3. Allowance of true scholarship: Closely connected to the second is the allowance of true scholarship. In other words, Protestants are not under a necessary mandate to conform to a traditional system. The scholarship produced in biblical studies and theology is not an exercise in confirming an established tradition of dogma. If one were simply to enter scholarship to prove what a tradition mandates they prove, scholarship becomes and exercise in confirming prejudice. This is not true scholarship. Protestants are free to question, search, deny, confirm, doubt, and change in a way that other dogmatic traditions are not. Again, this is risky, but, in the end, it does not mandate a certain conclusion and can evaluate the evidence more objectively. In other words, Protestants don’t have to be lawyers defending a client of tradition, but they are investigators of truth. They can be critical scholars. Whether or not we always practice this is a different matter. But the issue is one of allowance. Protestants can be critical scholars who are willing to let the evidence take them wherever it leads, not simply to a predetermined destination. Therefore, I believe Protestants can practice true scholarship to a degree that other traditions cannot.

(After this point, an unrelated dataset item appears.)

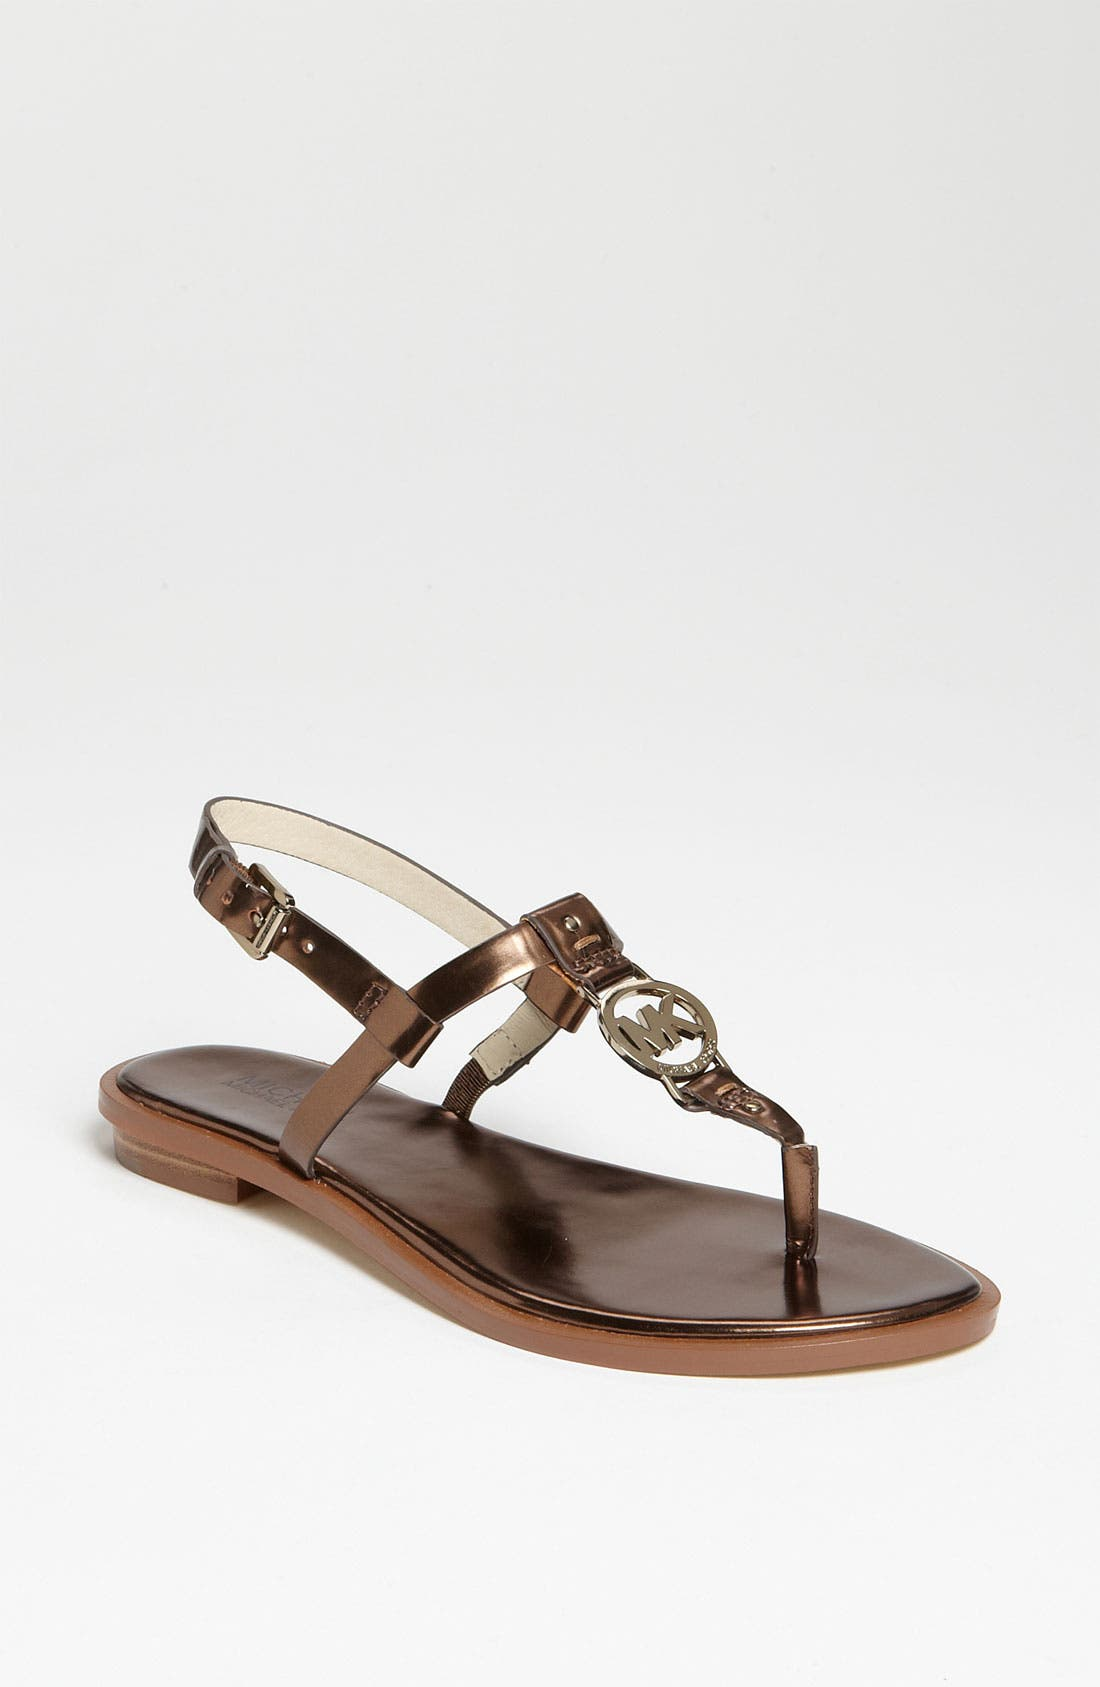 Main Image - MICHAEL Michael Kors 'Sondra' Sandal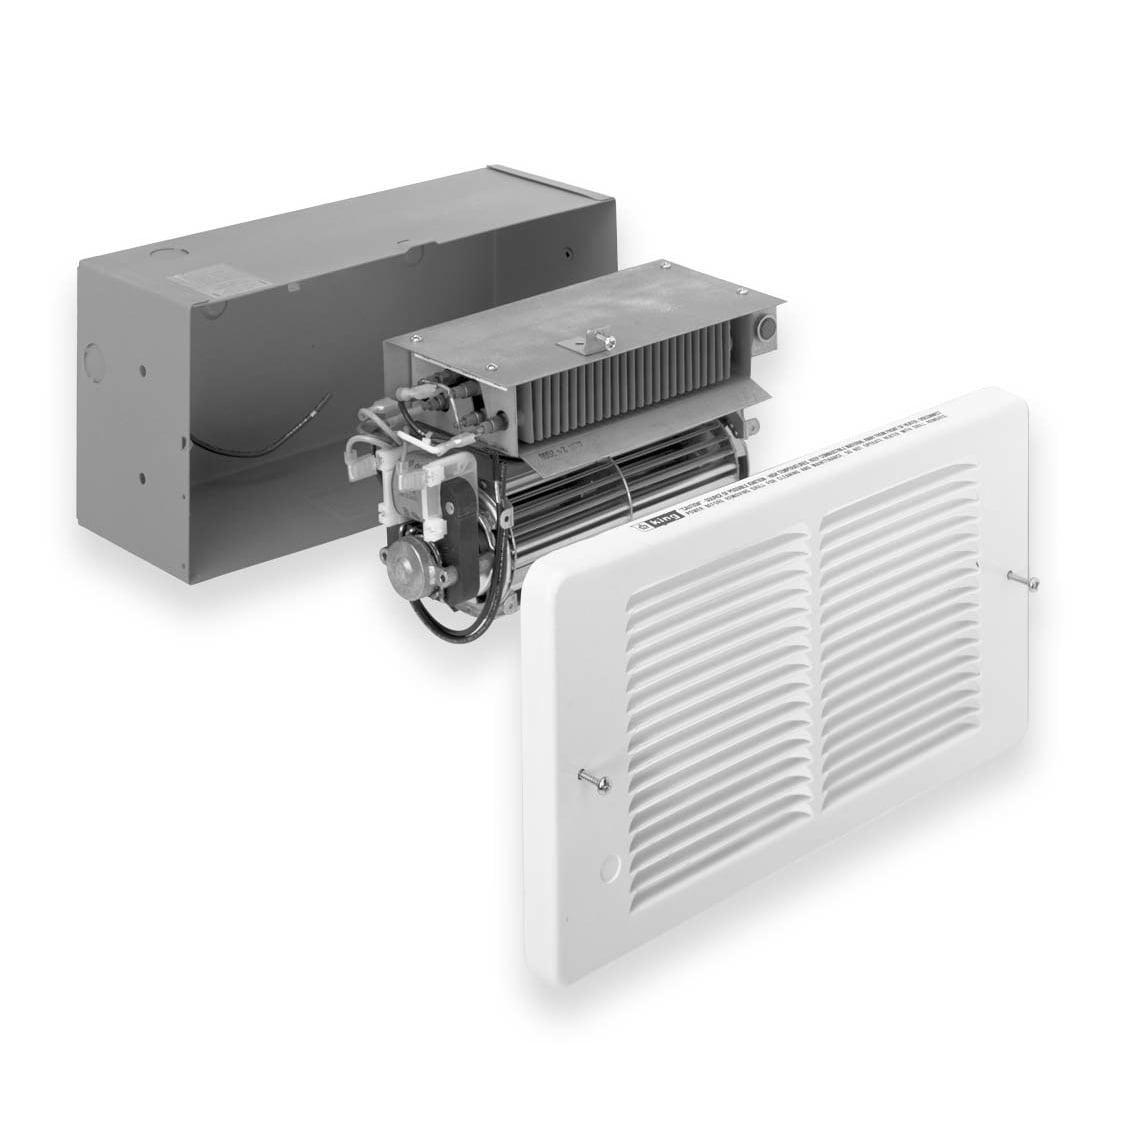 King Electrical Paw2422 2250 Watt 7680 Btu Pic A Compact Electric Furnace Wiring Diagram Wall Heater

I think that all of these provide the basis for why I believe Protestantism will always remain strong even in the midst of our weaknesses. Please understand that I respect other Christian traditions. I love the faith and stance of all those who, traditionally or not, are Christocentric, believing Christ—the God-man—is the center of all things. But everyone must understand that I am Protestant for a reason. I simply believe that it offers strengths that are stronger than the strengths of other tradition. I also believe that its weaknesses are not as weak as the weaknesses of other traditions.

Also be aware that I understand that the traditional answers for “Why I am Protestant”—”because it is biblical,” “because it provides personal assurance,” “because I believe in salvation by faith alone,” or “because I don’t believe in the Pope”—are not unimportant in my mind. However, these reasons are primarily methodological rather than theological. They provide the basis for our theological stance, which, indeed, is of ultimate importance.

It is because of this, I am proud to be a Protestant.